Start of Supplied entries

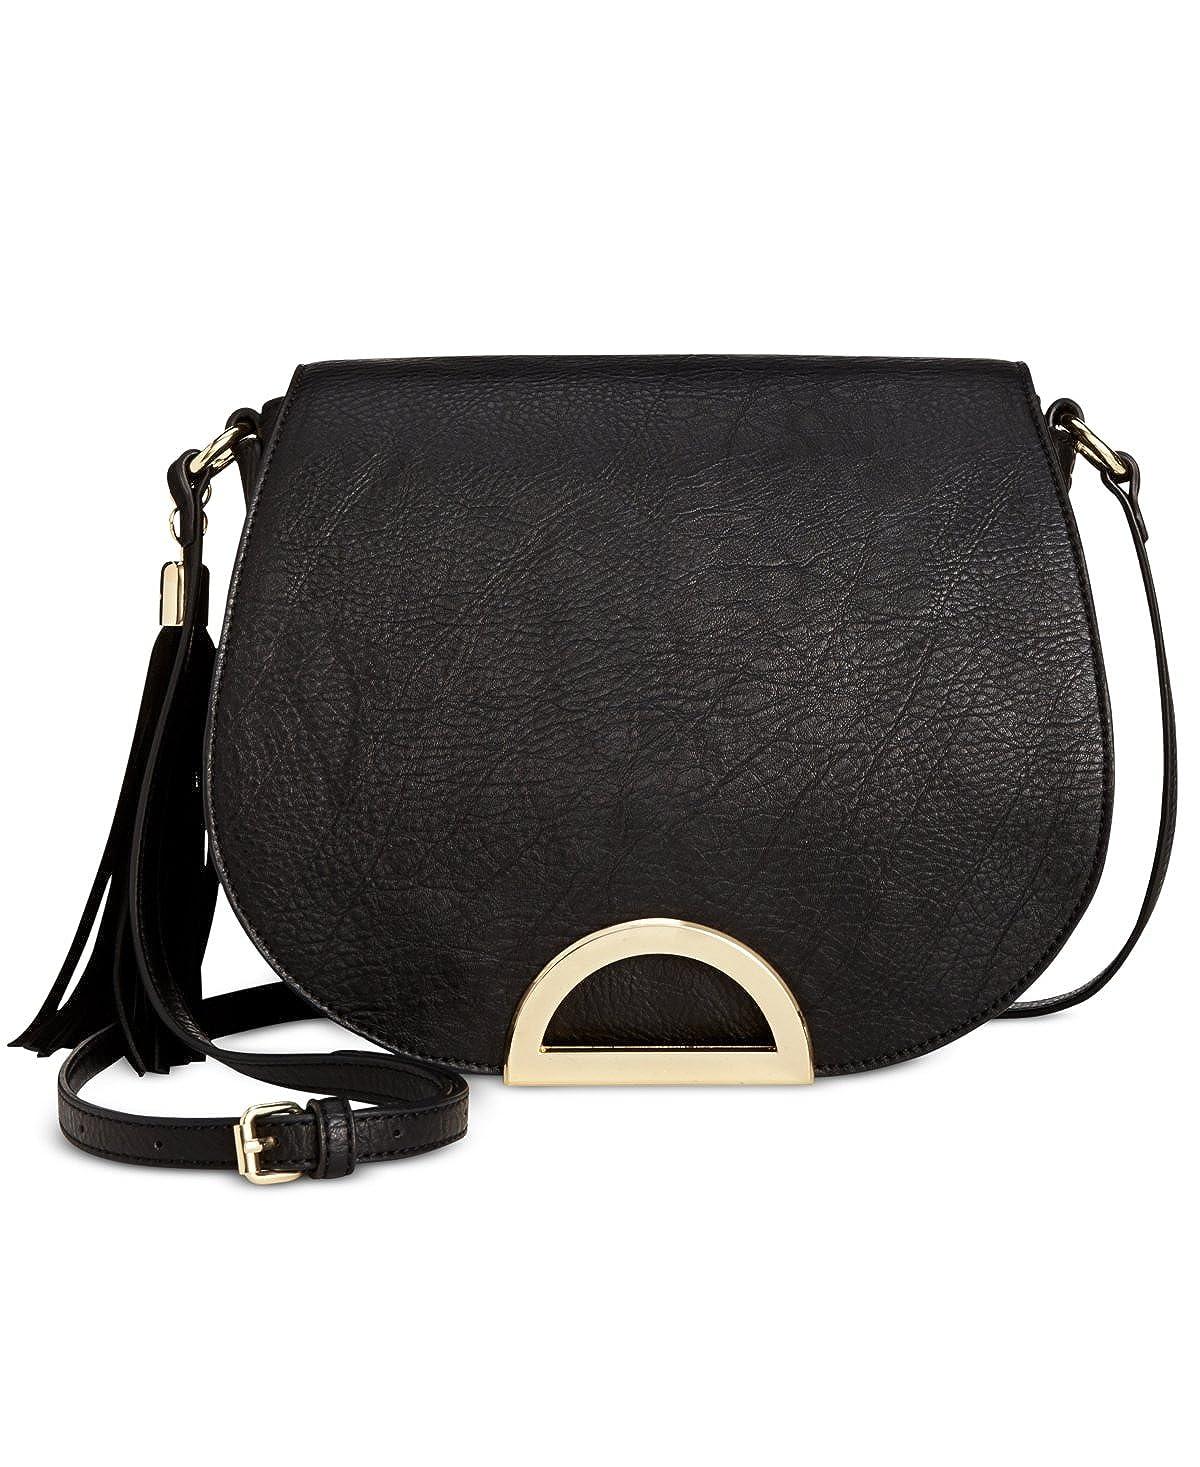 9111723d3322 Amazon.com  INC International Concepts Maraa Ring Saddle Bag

End of Supplied entries
Start of Supplied entries

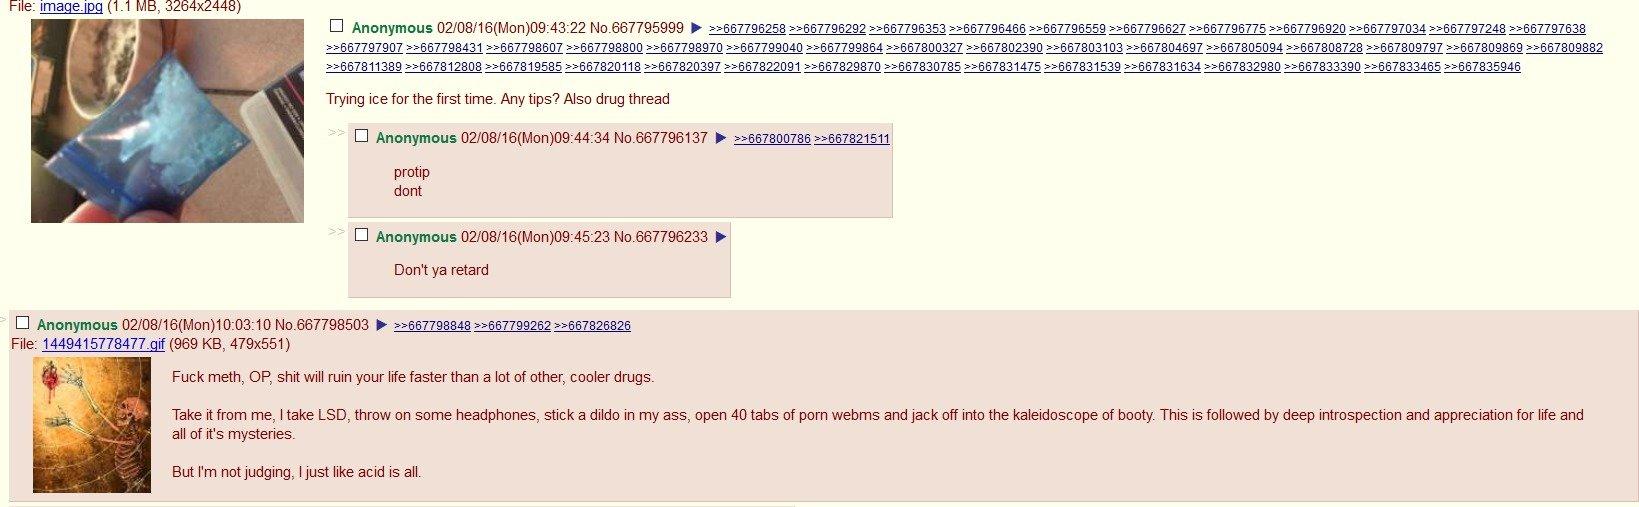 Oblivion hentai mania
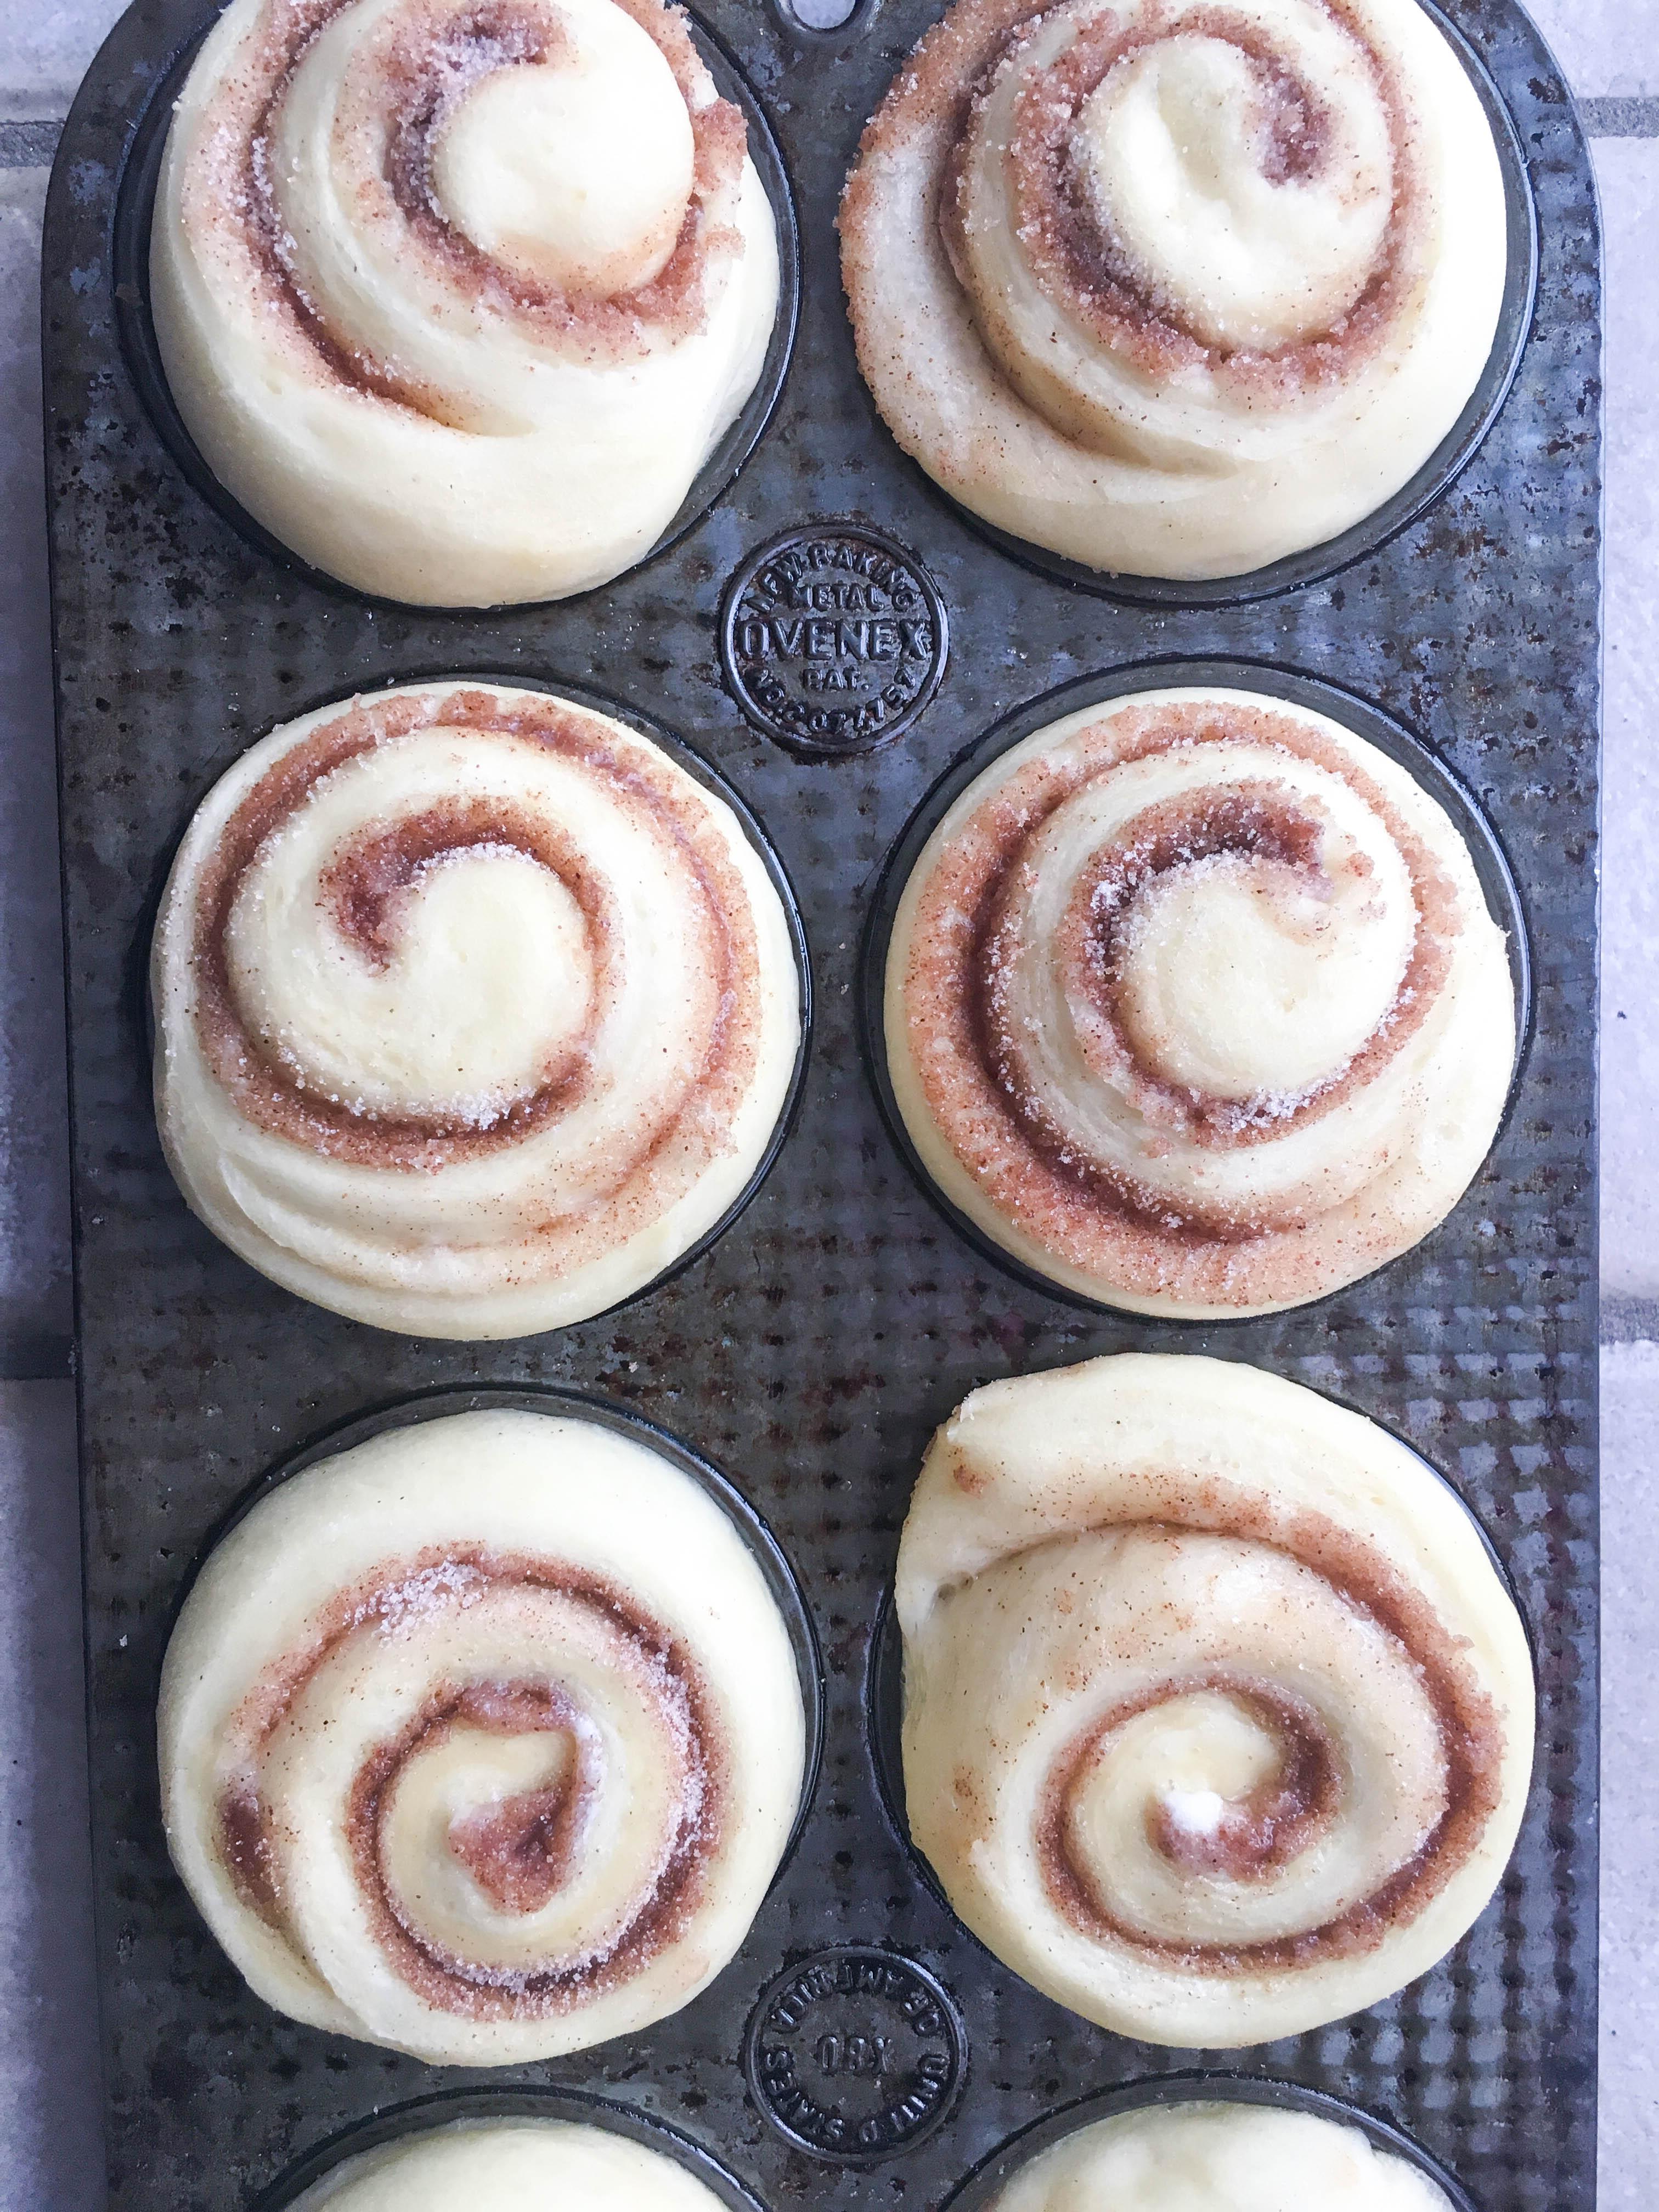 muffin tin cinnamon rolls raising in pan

End of Supplied entries

What you should do —
Your answer is the exact run of lines above from the one with "Oblivion hentai mania" through the one with "muffin tin cinnamon rolls raising in pan", both ends included, minus any picture.

Response to this exercise —
 Oblivion hentai mania
 muffin tin cinnamon rolls raising in pan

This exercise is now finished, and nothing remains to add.